My mind is blown. The apples start out white. I had no idea, my guess was the mats helped keep the air a little warmer to prevent frost at night...wrong. I'm still imagining how many times up and down the ladders the farmers do each year...and let me say, not many of them looked very young.


Apple orchards behind us, we drove around Mt. Iwaki and to the windy road that would take us toward the top. The Tsugaru Iwaki Skyline road is 9.8 km of switchbacks, 69 of them to be exact. Not a good road for anyone that gets carsick. The curves don't stop until the top. Once at the upper level parking lot there are a couple options to get to the peak, there's a hiking trail and a ski lift. The lift, as we discovered today, shuts down for the season before the road. Hiking was our only option. The top of the mountain was in a cloud, white and snowy looking. We'd soon find out it wasn't actually snow...a really, really thick icy frost that left every branch white and the ground white when it fell from the branches. The weather's been warm enough that the frost had also melted and refroze making the trail icy too. As we made our way up it got slicker and slicker, not so bad going up, but we were not looking forward to the tedious trek back down.
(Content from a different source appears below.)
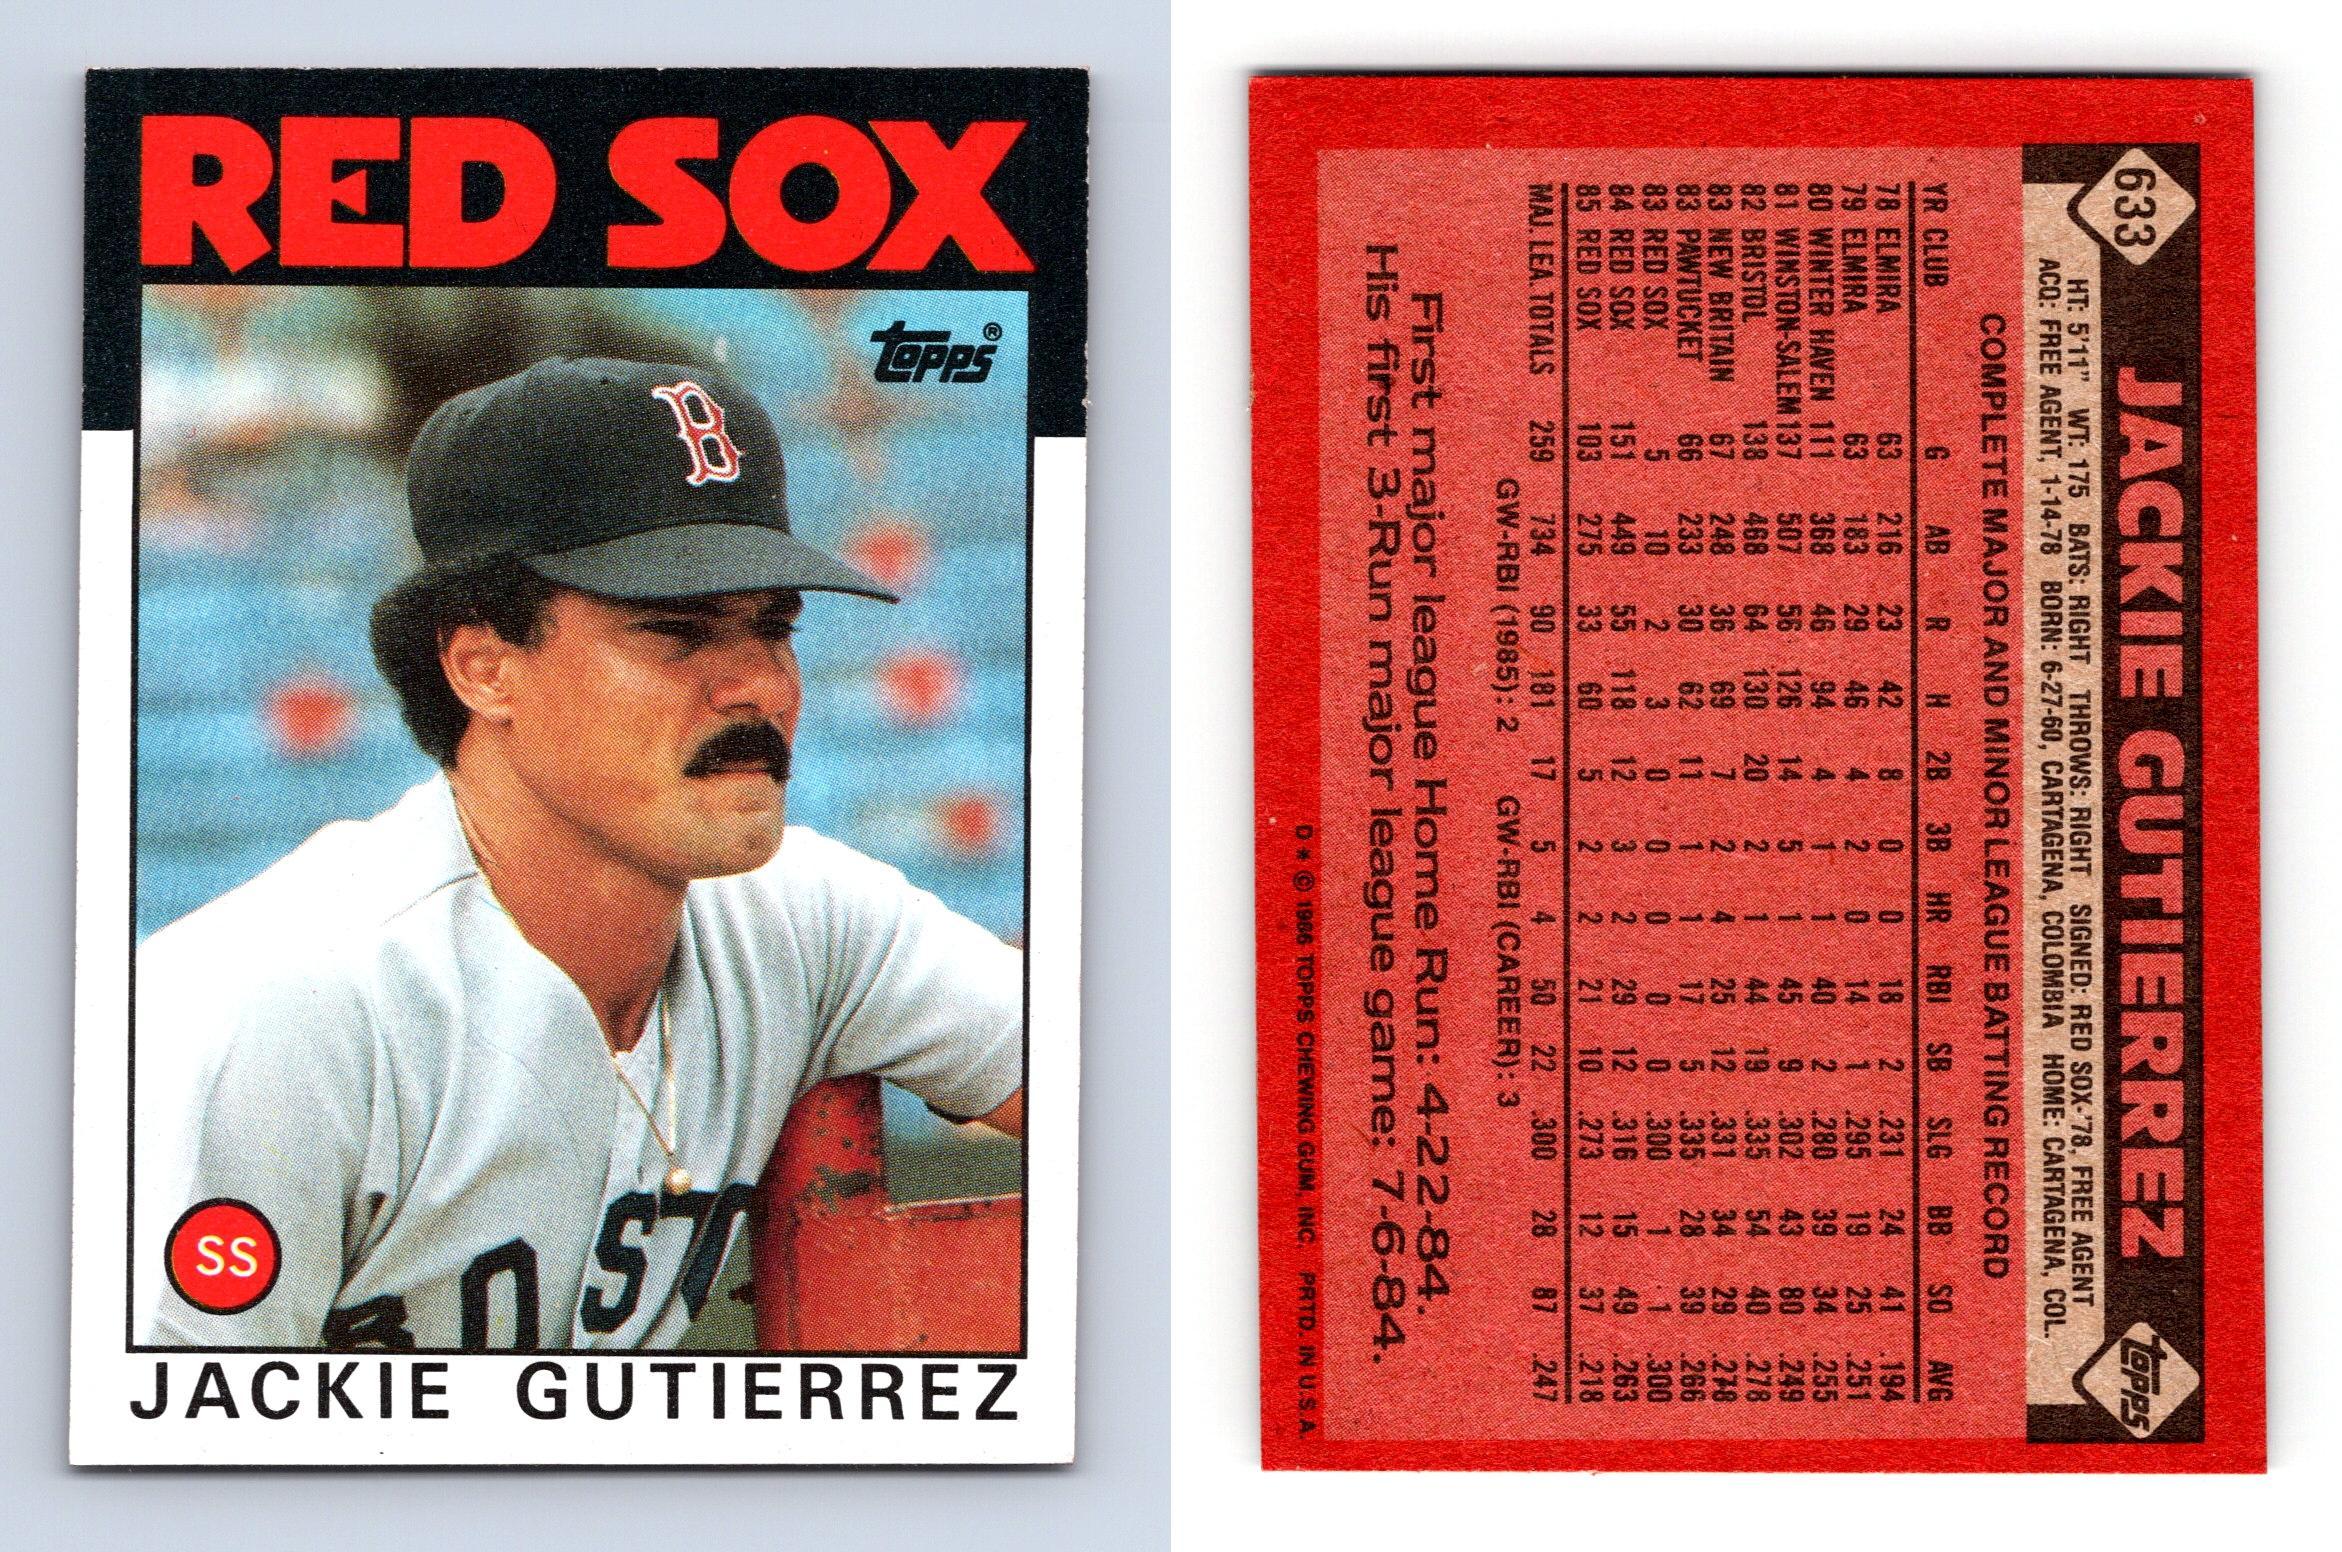 1986 Topps Baseball Card #633 Jackie Gutierrez

Not exactly sure how close to the top we got, but the peak was still in a cloud and the ice was not getting any easier to ascend on...we had to turn back before reaching our goal. We hiked/slipped/skated back down. In total we hiked up for about 45 minutes, probably were 20ish minutes from the top, and it took us 30 to go back down. Slightly disappointed that we didn't reach the summit, but definitely not a failure, the views that we did see were awesome and the frost covered branches were spectacular. Beautiful.

I'm not sure on the open/closing dates for the Skyline road, but I'm sure it can't be open much longer this year. There is a toll of ¥1800 per car to drive the road and I think the lift is ¥820/person round trip, when it's open.
More info can be found here: http://www.iwaki-skyline.jp/index.html

View from the parking lot.
You can barely see where the trail runs up the mountain
to the left of the ski lift.
Of course as soon as we'd descended to the parking lot
the clouds shifted and the peak came into view.
Each switchback is numbered.
Didn't get to a vantage point to get a good picture
of the road from above.
Tsugaru Iwaki Skyline road, visible on the left side
of Mt. Iwaki if you look closely.
The Skyline road is pretty cool on the map too.

Since we cut our hiking a little short we, let's be honest, I, decided that we should check out Hirosaki's Autumn festival. I went to the festival last year and thought it was pretty underwhelming, but the colors of the trees in the park were amazing, enough that I didn't mind visiting again. We stopped at a farmers' market along the way to pick up some gigantic, yummy apples.

Don't have this flavor in the USA.
Did I mention the apples are almost the
size of my head??
"She drunk, dreaming in the stream,
always be happy with liqueur.
And after went to sleep."

Hirosaki Castle Chrysanthemum and Fall Foliage Festival is an annual event that begins in October and ends in November, the dates vary by year. We didn't go though the botanical garden where the chrysanthemum display competition takes place, but we did walk around the rest of the park and near the castle. There are about 1,000 maple trees and 2,600 cherry trees.

One of the chrysanthemum displays outside the paid area.